It's been a whirlwind of a month for me and Eliza! Especially on the job front. I accepted a part time job working in a teen addiction recovery outpatient unit.
I trained and started on August 20th. I worked from 8:30am until 2pm at The Nurturing Center, then drove a half hour to the addiction recovery center and worked until 7 or 8pm. It was pretty crazy but kept things interesting! Actually, I don't know if I handled the stress very well, but I'm recovering now.
The hardest part, though, was that I only was getting to see Eliza for an hour or so in the evenings on Monday and Tuesday and had to rely on Steve and my mom to take care of Eliza while I worked in the evenings.

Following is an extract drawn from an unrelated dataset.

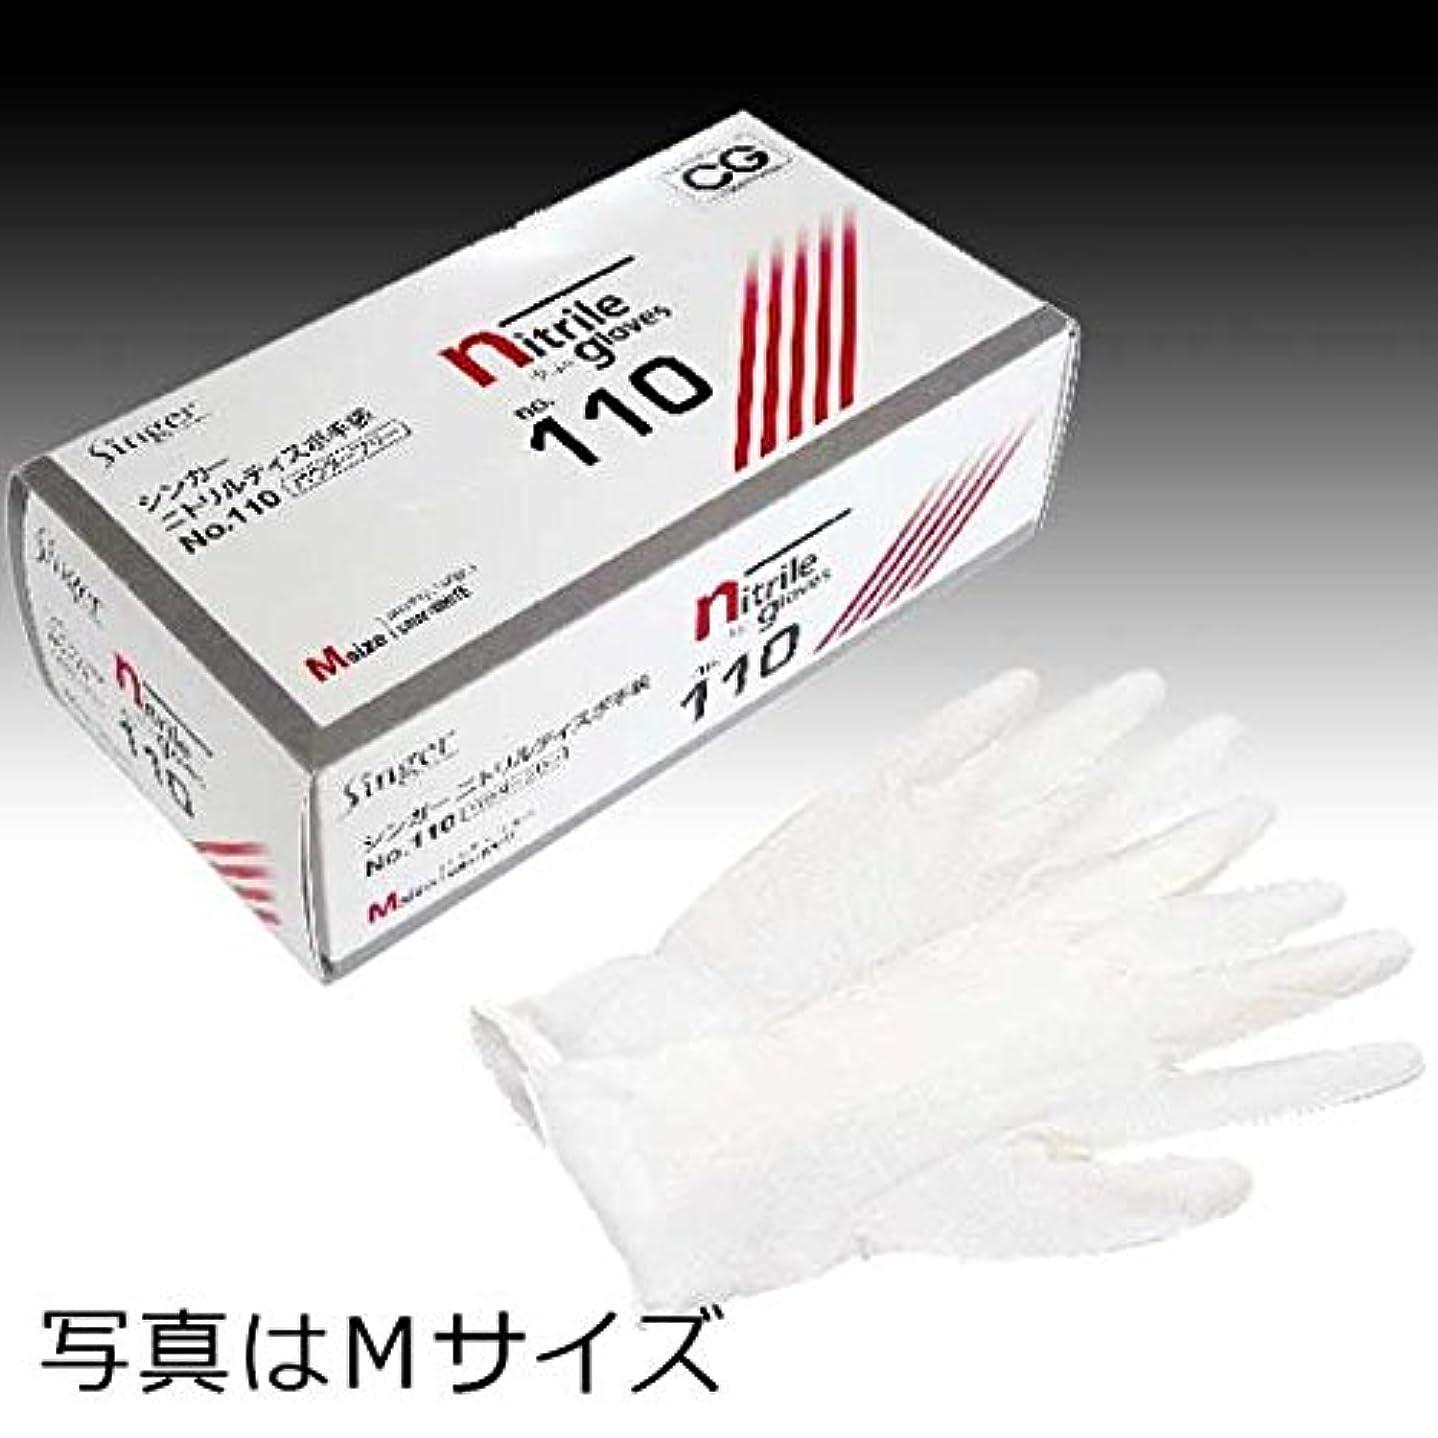 そう東部合法シンガーニトリルディスポ No.100 使い捨て手袋 粉つき2000枚 (100枚入り×20箱) (L)

Eliza's also had a ton of trouble going to bed at my house, so most of the time I spent with her in the evenings involved (and still involve) me trying to beg/bargain/threaten/persuade her to stay in her bed and go to sleep! That was pretty painful.
Then, a week later, the executive director at The Nurturing Center told me that one of the case managers was taking a job elsewhere and asked if I was interested in doing the full-time job.
At first I said no because I felt like I needed to follow through with the new job I had just accepted and worked at for one week. However, I prayed/fasted/fretted and decided that although I would make less money over-all, having a schedule that involved a 8-4 sort of schedule would be the best for Eliza and myself, and I needed to do what was best for me and my family.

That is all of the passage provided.